Problem Description
Given a binary string s and a positive integer k, you are allowed to repeatedly choose any contiguous substring of length k and flip all its characters (i.e. change 0 to 1 and 1 to 0). Determine the number of distinct binary strings that can be obtained through any sequence of such operations. Return the answer modulo 10^9+7.
Key Insights
- Flipping a substring is an involution (flipping twice is equivalent to no change).
- Every operation can be treated as a binary decision (flip or not flip) on each possible starting index.
- The effect of each flip spans k consecutive bits and these effects are applied modulo 2.
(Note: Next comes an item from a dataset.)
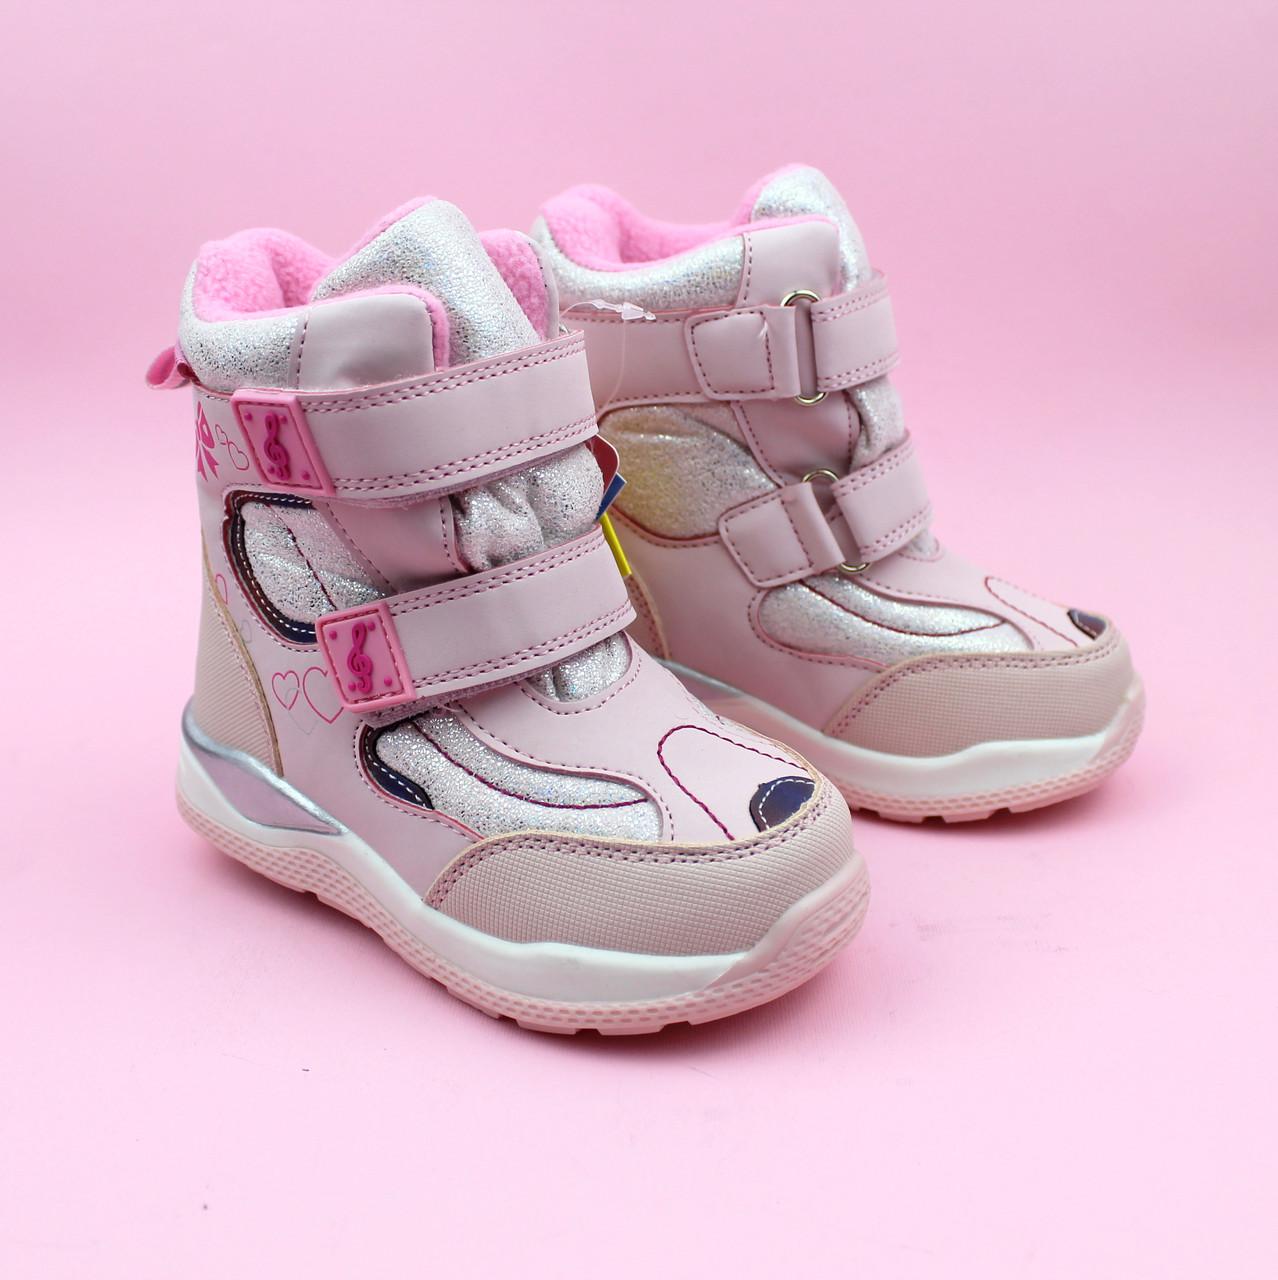 Термо ботинки розовые для девочки тм Том.м размер 25,26,28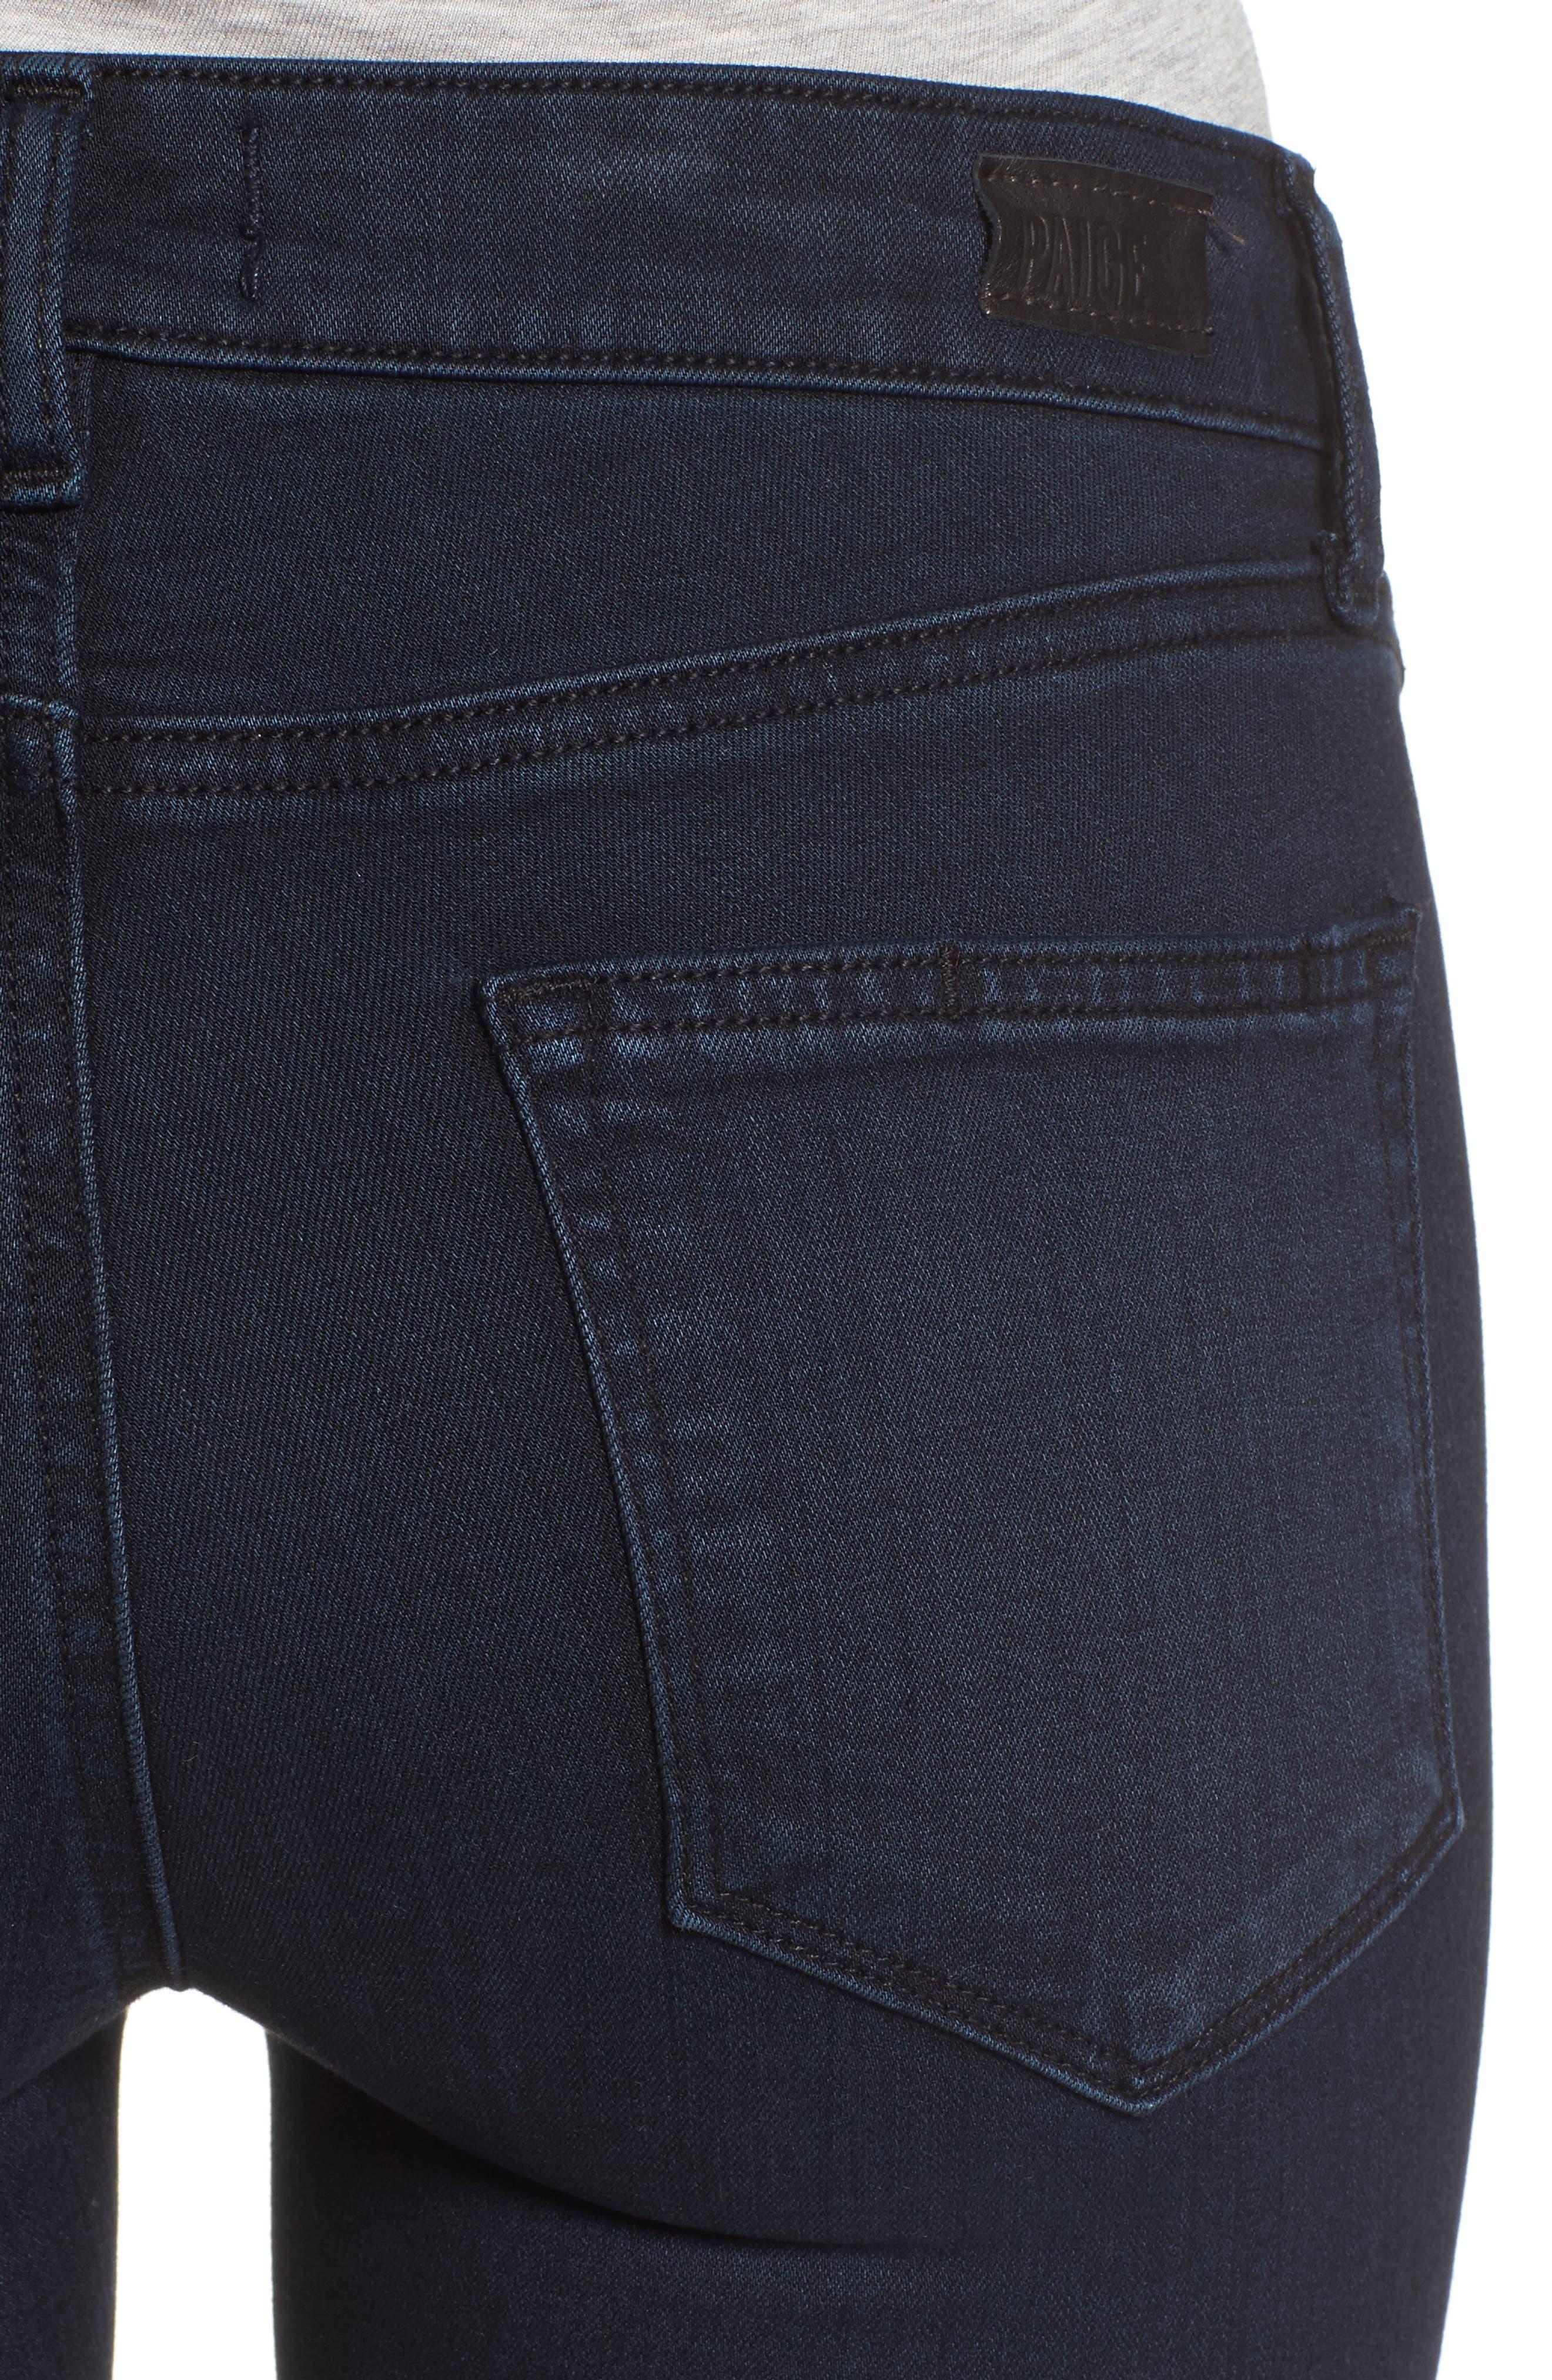 Manhattan High Waist Bootcut Jeans,                             Alternate thumbnail 8, color,

- Mapping the sequence of flip decisions (on all valid starting indices) to the final binary string is a linear transformation over GF(2).
- It turns out that the transformation is injective, and the number of independent operations equals the number of valid starting positions, i.e. (n – k + 1), where n is the length of s.
Space and Time Complexity
Time Complexity: O(log n) (using fast modular exponentiation) Space Complexity: O(1)
Solution
The problem can be analyzed in terms of linear algebra in GF(2). Label each valid flip decision by a binary variable f_i, where 0 ≤ i ≤ n - k. Flipping a substring starting at index i affects the bits from index i to i+k-1. The final bit at any position j is given by the original s[j] XOR the XOR-sum of all f_i such that the substring starting at i covers index j. This mapping from the flip decisions (vector of length n-k+1) to the final string is a linear function over GF(2). It can be shown that this transformation is injective (has full column rank), and hence every unique combination of flip decisions produces a distinct outcome.
There are exactly 2^(n-k+1) possible ways to choose the flip decisions. Since the original string s only acts as a fixed offset, the number of distinct outcomes is exactly 2^(n-k+1). To meet the modulus requirement, fast modular exponentiation is used for efficiency.